We’re well into the second decade of online communication and yet we still have homepages for major community and commercial events that fail the basic effectiveness criteria established by a paper flyer for a community center rummage sale.

Unless yours is a limited-attendance, exclusive event that wants to discourage inquiries from the riff-raff, it’s essential that the homepage of your event website contain some basic information to assist potential attendees. That’s because your online visitor is busy, busy, busy and his or her decision to attend your event may well be made based on a 10-second scan of your homepage. Why do so many event homepages make that 10-second visit an exercise in hair-ripping frustration?

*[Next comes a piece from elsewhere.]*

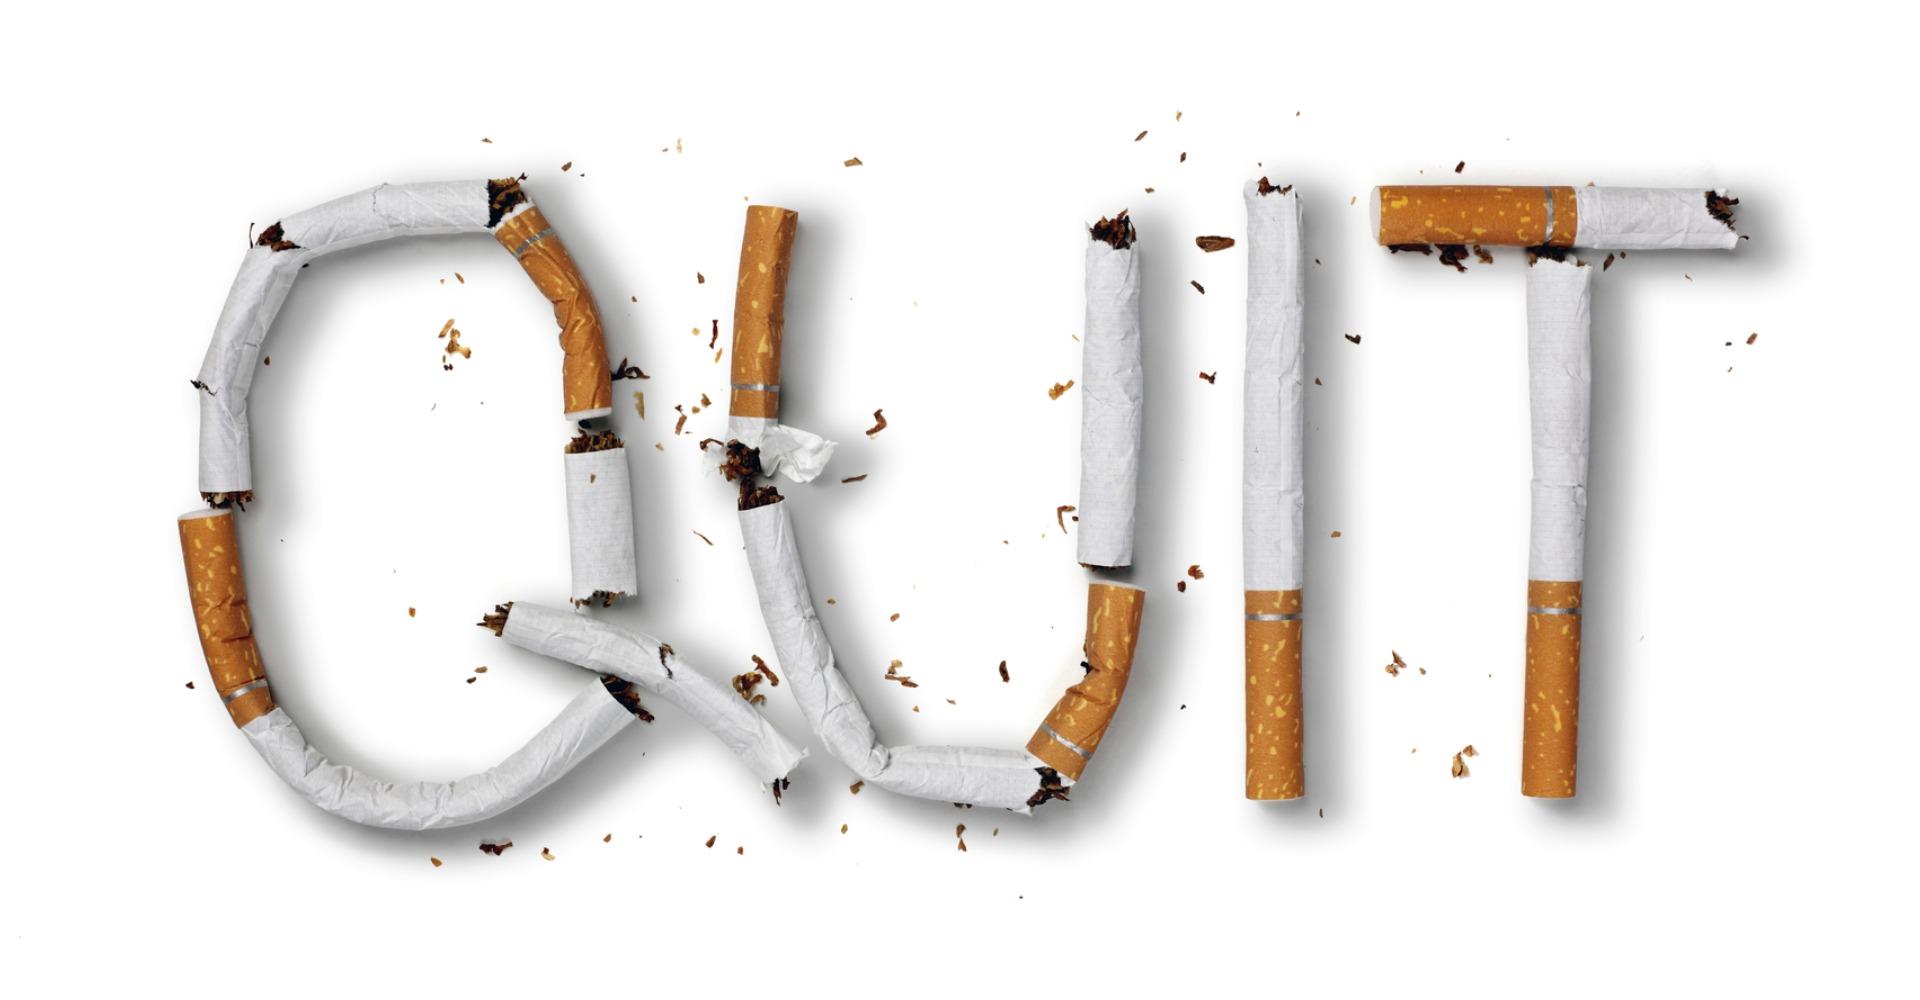 Quit Smoking Tips: सिगरेट की लत से हैं परेशान, तो अपने खाने में शामिल करें ये चीजें और खुद देखें नतीजा

If you want to be kind to your potential attendees, here are five things your homepage needs to tell them:

Who?

People need to know who is hosting your event because they want to know if it’s being put together by a reputable organization or some fly-by-night franchise.

What?

They need to know what it is (beyond the cutesy, artsy, or edgy name you’ve given it, such as “Frolic in the Park”). It’s tough for event organizers, who’ve been up to their ears in planning for months, to grasp that not everyone knows the event is “all-day” or “for kids and their parents” or “free.” Yet descriptors like these are essential for the homepage, particularly if you want people to be able to describe it to third parties (aka, “word of mouth advertising”). So is cost. I’ve come to the conclusion that an organization that puts the admission price of the event on their homepage instead of burying it somewhere on a “Registration” page deserves the sainthood.

When?

People need to know when your event is. You might think that putting the dates on the homepage (“December 8 and 9”) is enough, but that’s barely a “2” on the scale of effective communication. That’s because it doesn’t include the year, and think how many times you’ve reached an event’s homepage only to discover it’s for last year’s event. How about “Thursday, Dec. 8, and Friday, Dec. 9, 2011”? You’re getting warmer.

Times are important, too. Can people go there with kids after school? Is it a late-evening event? Does it include dinner? Give the potential attendee a break, right there on the homepage. Get rid of some blathering marketing copy they aren’t going to read anyway and put in the times: “Thursday, Dec. 8, 3 – 10 p.m. and Friday, Dec. 9, noon to 11 p.m.” Whew! That wasn’t so hard to do, was it?

Where?

Particularly when people are trying to decide if they are going to attend your event, they need to know where it is. Is it convenient? Is it familiar? Or are they going to spend 30 minutes driving up and down some main drag peering at address numbers? Oddly, the “where” is the area in which most event websites rate a big zero.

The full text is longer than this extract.